Two enterprising entomologists tracked down a rare, blood-drawing beetle that vanished from Victoria’s seaside bluffs 90 years ago. The bite of the Audouin's Night-stalking Tiger beetle is capable of drawing blood.Andy Teucher/Handout

In the summer of 1924, a beetle was found somewhere along the seaside bluffs below Victoria's Dallas Road. More precisely, it was an Audouin's Night-stalking Tiger Beetle – a fast, active predator, big enough to draw blood from a human hand.

The following spring, a second beetle was found along a nearby path, making a matched pair.

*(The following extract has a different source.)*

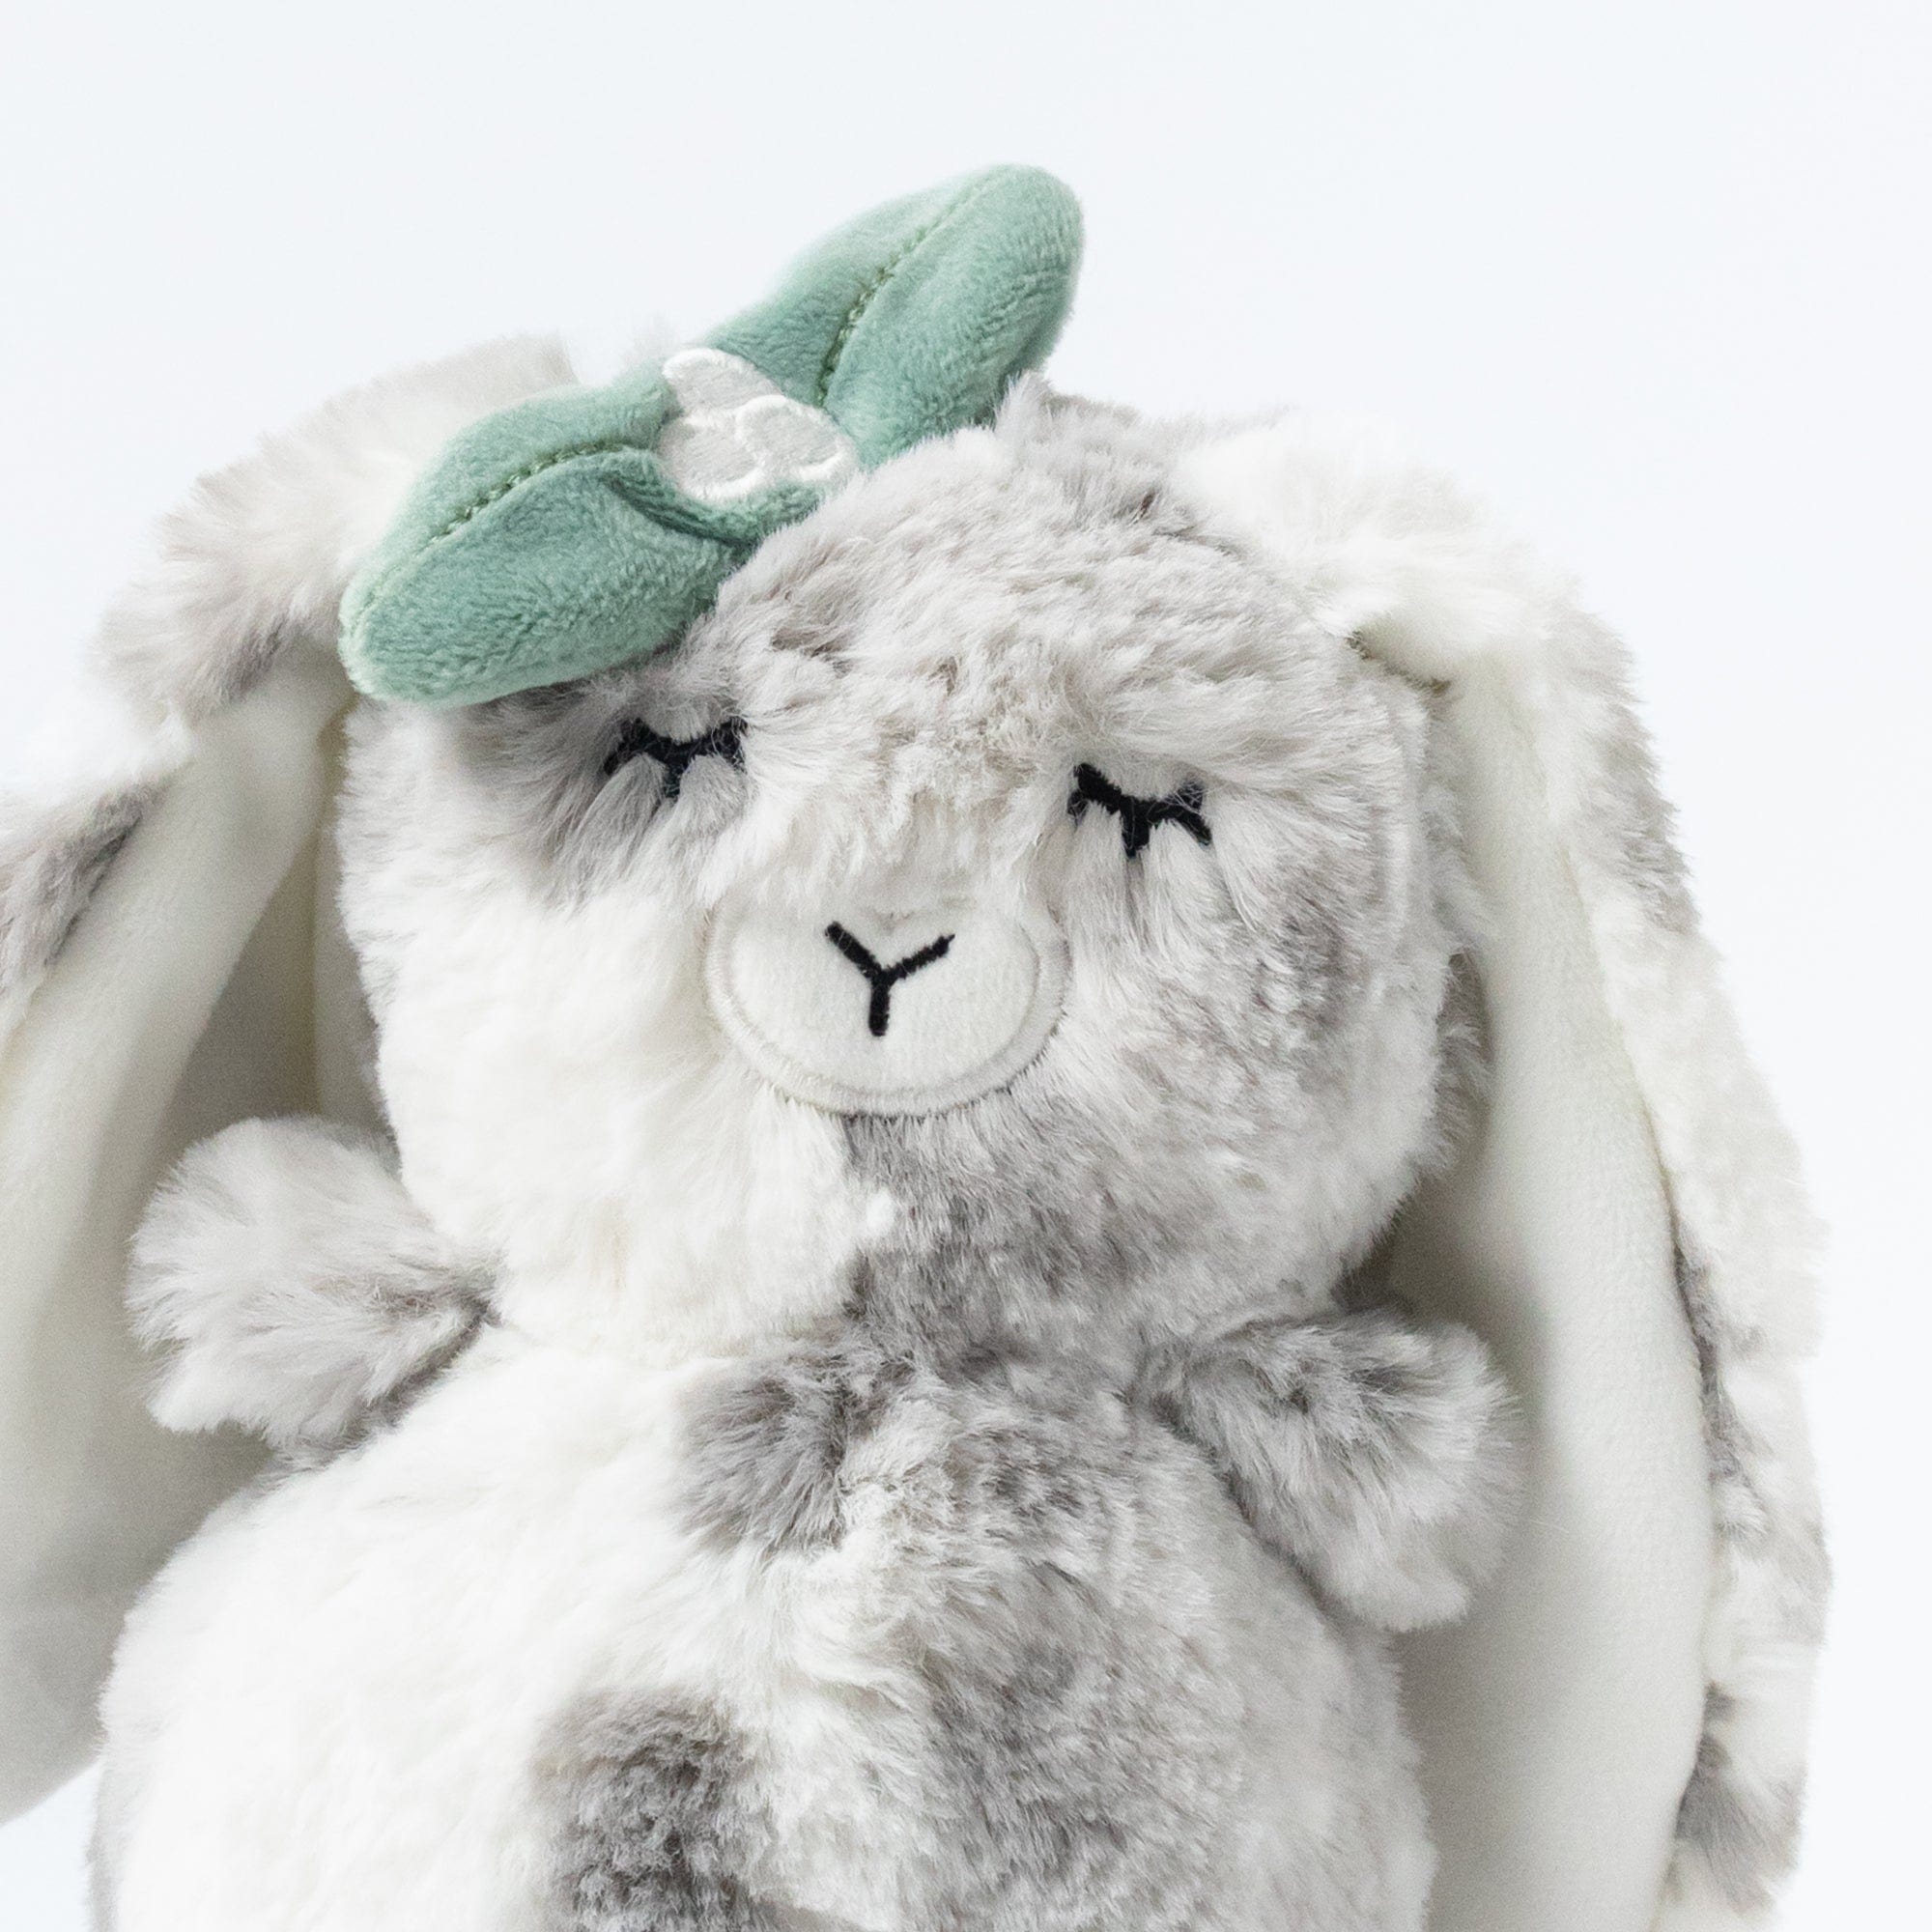 Snow Bunny Mini - View Product

From there, the trail ran cold. Was that the end of the line?

The fragile Garry Oak habitat around Victoria provided just the right hunting grounds for the voracious beetle and its larvae, but it has been badly eroded since the 1920s.

The species might have been forgotten, but entomologist Jennifer Heron picked up the cold case.

For Ms. Heron, an invertebrate conservation specialist with the provincial ministry of environment, solving these kinds of mysteries are the thrill of the job.

In British Columbia, there are a handful of entomology collections, the main one at the Royal B.C. Museum in Victoria, but also at universities, at Agriculture Canada and the Pacific Forestry Centre. Typically, each collection will include drawers full of unidentified specimens. She dug through countless drawers, studied databases, old publications and field notes, and reached out to far-flung collectors.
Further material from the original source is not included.